Están, por otra parte, los Magos de Oriente, «No pertenecían al pueblo de Israel y por tanto no estaban entre el pueblo elegido y privilegiado del que tanto se valían los fariseos para discriminar a los que no eran de su raza. Pero eran buscadores. Ni toda la ciencia, ni todo el conocimiento que habían acumulado en sus vidas, les habían servido para darle esperanza y propósito a sus vidas; ahora estaban frente a un misterio: un rey hecho niño.

Estos sabios representan a los inquietos de hoy, a los que buscan, a los que se dejan sorprender por lo pequeño y sencillo, a los que aún tienen capacidad de asombro ante los milagros que suceden todos los días frente a nuestros ojos…»[3]
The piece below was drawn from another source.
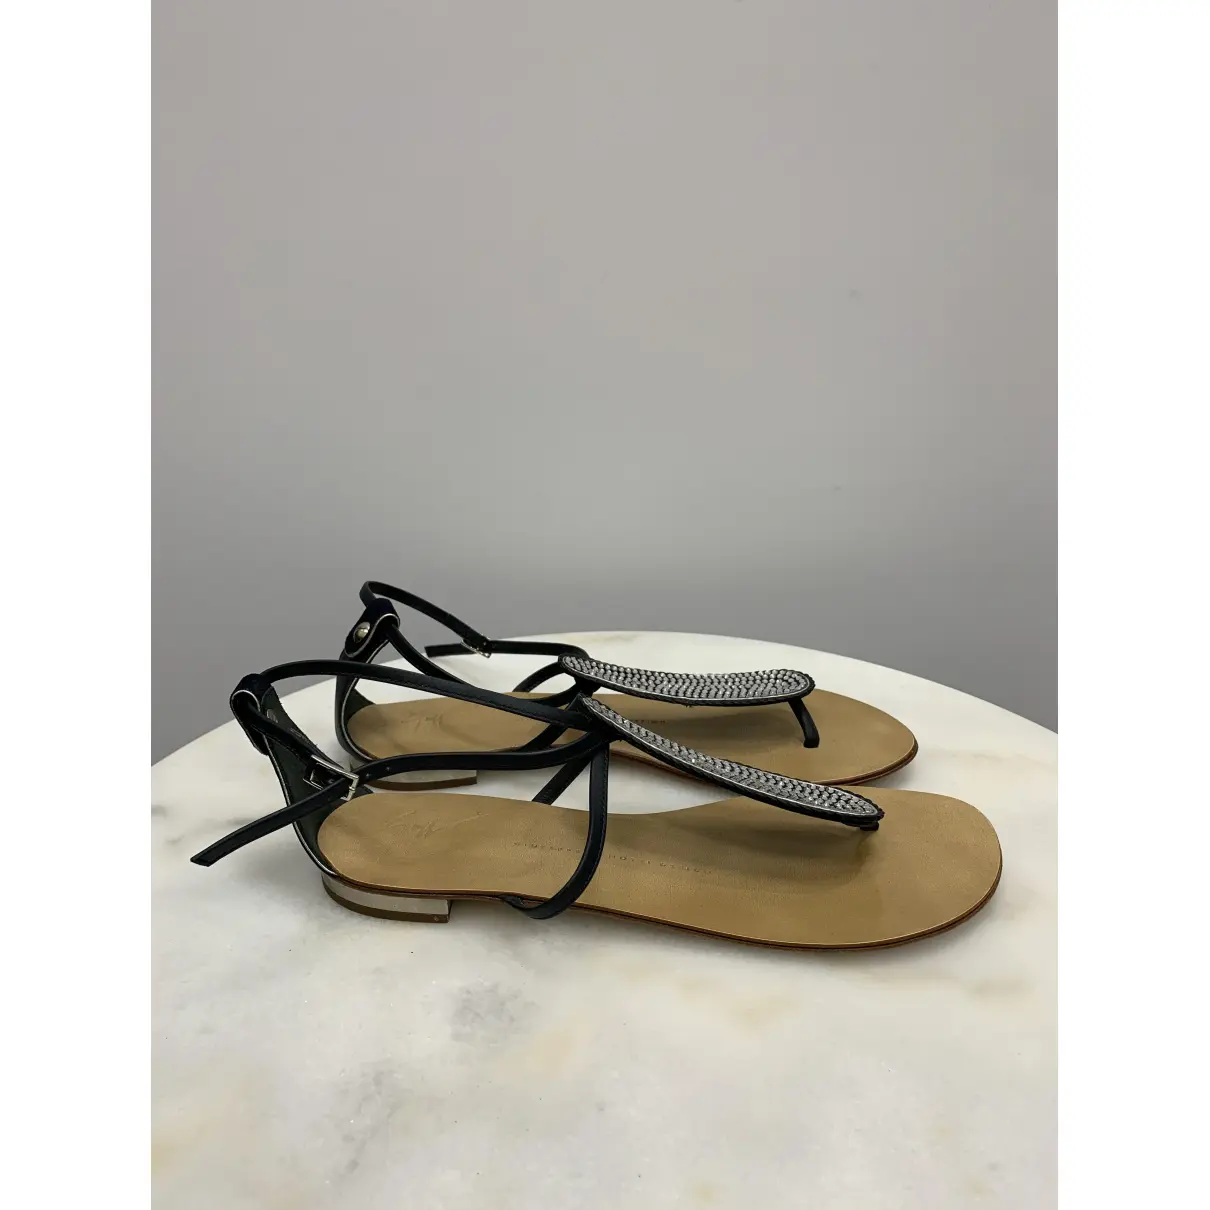 Buy Giuseppe Zanotti Leather sandal online

Estos sabios son un modelo, un tipo para nosotros. Nos hacen una propuesta, tienen para nosotros una oferta. Ellos buscan en las estrellas, en la naturaleza, en la creación; pero también buscan en las Escrituras: han visto surgir su estrella (en la naturaleza) pero saben que es el rey de los judíos (lo cual han sabido en las Escrituras). Por eso ellos caracterizan al “buscador”. Sin embargo, ellos no se limitan a buscar verdades “científicas”, buscan las “verdades” más trascendentes, están buscando al Mesías, al Anunciado, al Vaticinado, al Esperado. Y, a diferencia de los sacerdotes y los escribas, ellos se ponen en camino, se desinstalan, se desacomodan, se toman molestias, viajan grandes distancias en un momento histórico en el que viajar requería “fastidiarse”, “correr riesgos”. Aquí vienen a cuentas y se acomodan perfectamente unas palabras del Papa Francisco en la Evangelii Gaudium: #20. “En la Palabra de Dios aparece permanentemente este dinamismo de «salida» que Dios quiere provocar en los creyentes. Abraham aceptó el llamado a salir hacia una tierra nueva (cf. Gn 12,1-3). Moisés escuchó el llamado de Dios: «Ve, yo te envío» (Ex 3,10), e hizo salir al pueblo hacia la tierra de la promesa (cf. Ex 3,17). A Jeremías le dijo: «Adondequiera que yo te envíe irás» (Jr 1,7). Hoy, en este «id» de Jesús, están presentes los escenarios y los desafíos siempre nuevos de la misión evangelizadora de la Iglesia, y todos somos llamados a esta nueva «salida» misionera…”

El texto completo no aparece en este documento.